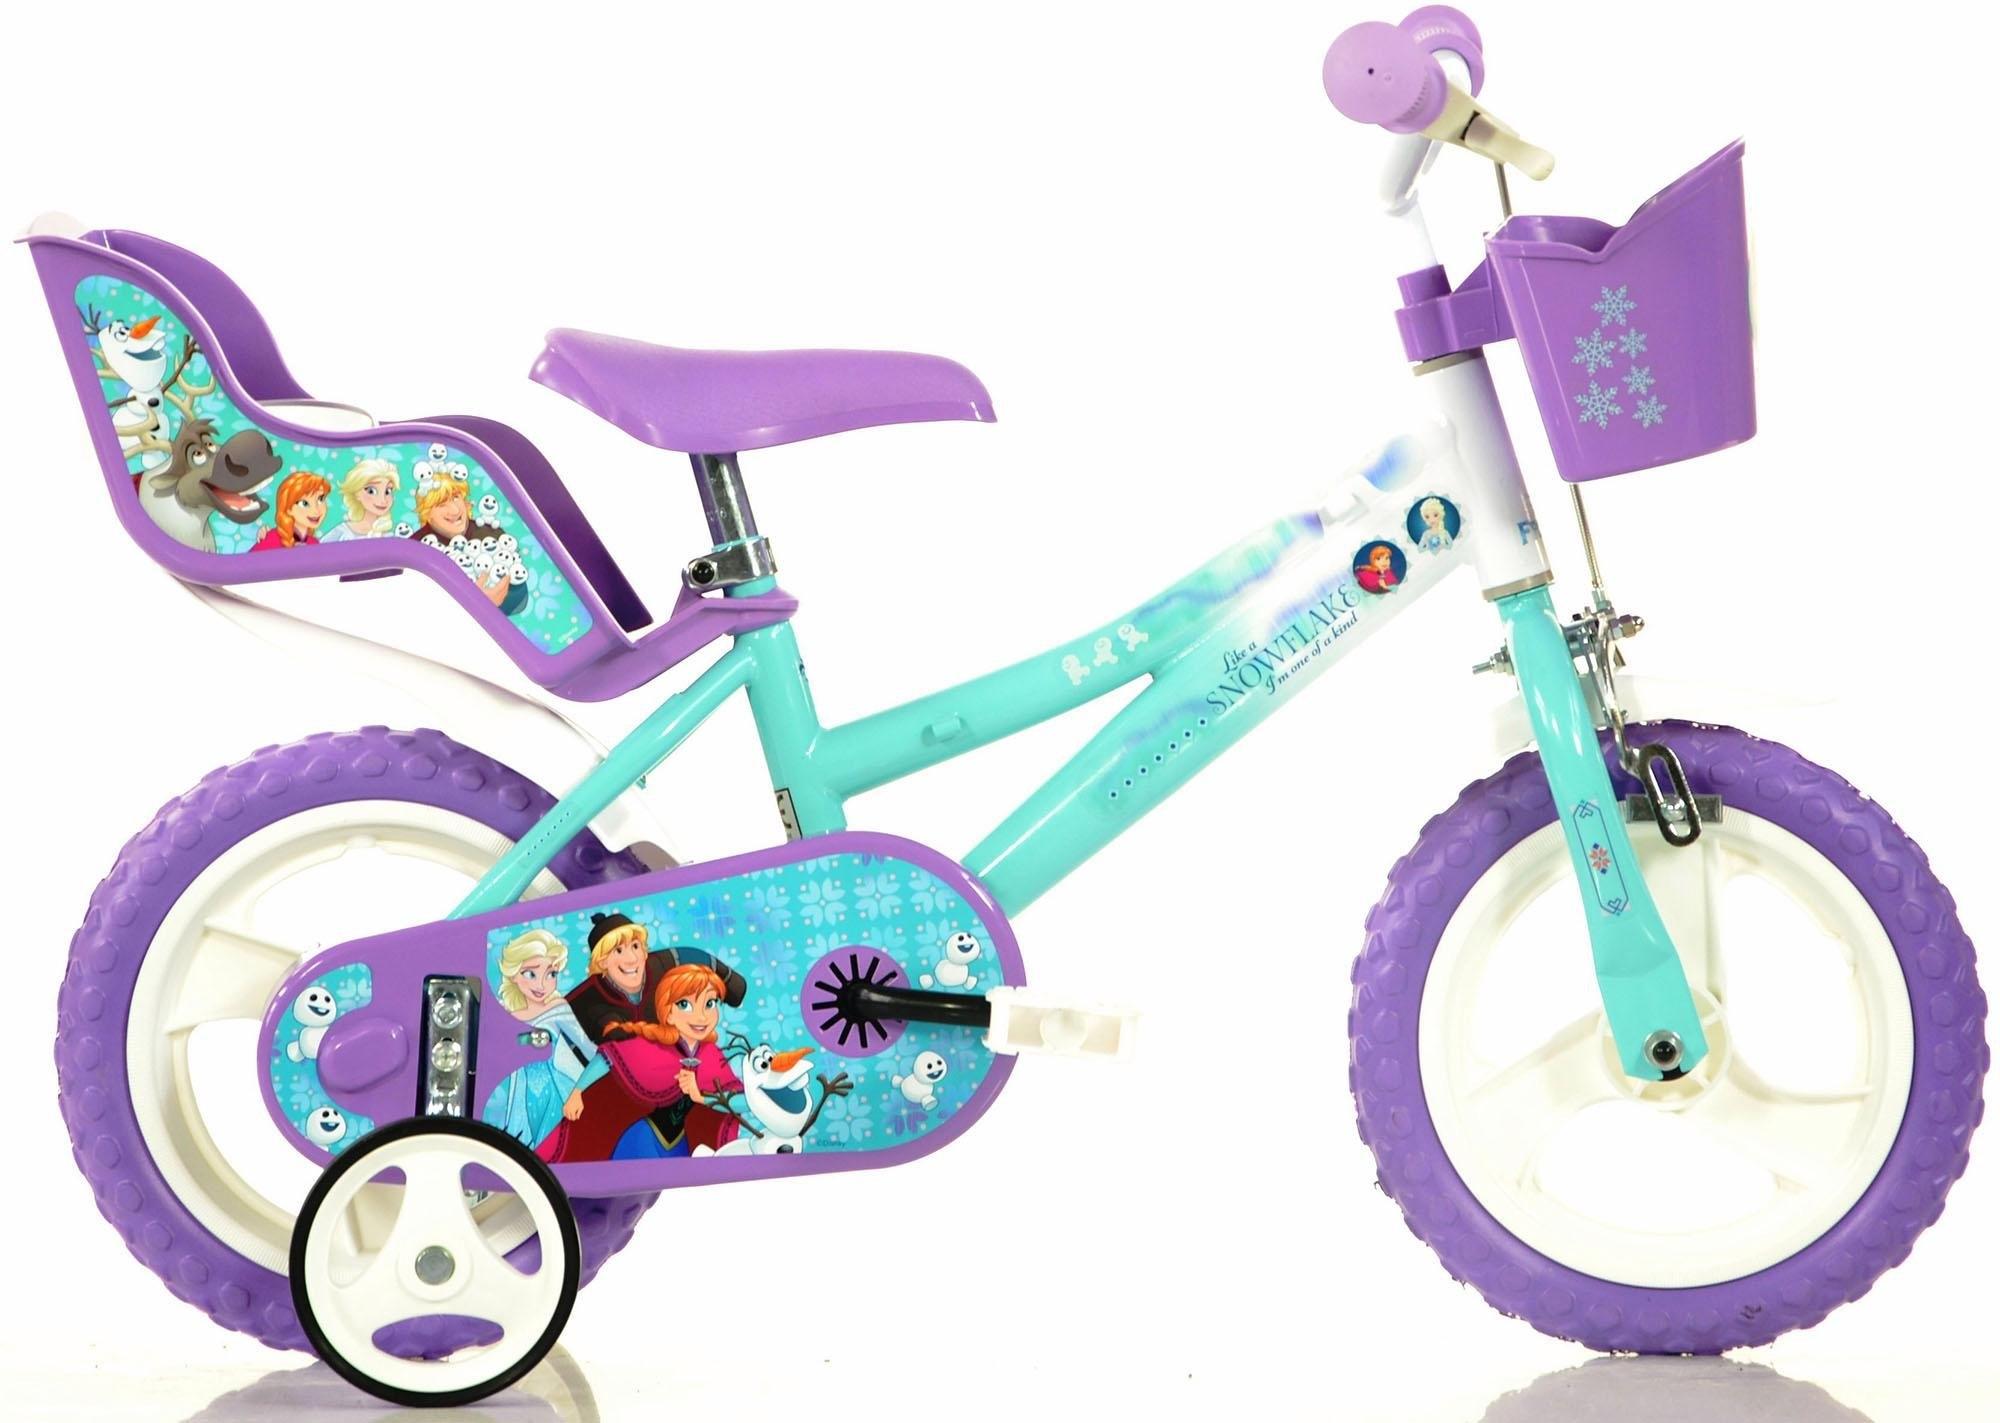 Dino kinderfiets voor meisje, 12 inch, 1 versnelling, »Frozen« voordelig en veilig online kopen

══════════════════════════════

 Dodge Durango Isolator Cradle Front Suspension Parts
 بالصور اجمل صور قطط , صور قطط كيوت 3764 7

══════════════════════════════

**Work to complete**
From the data above, reproduce word for word the lines running from the line with "Dodge Durango Isolator" to the line with "بالصور اجمل صور قطط , صور قطط كيوت 3764 7", ends included.

**Answer to this exercise**
 Dodge Durango Isolator Cradle Front Suspension Parts
 بالصور اجمل صور قطط , صور قطط كيوت 3764 7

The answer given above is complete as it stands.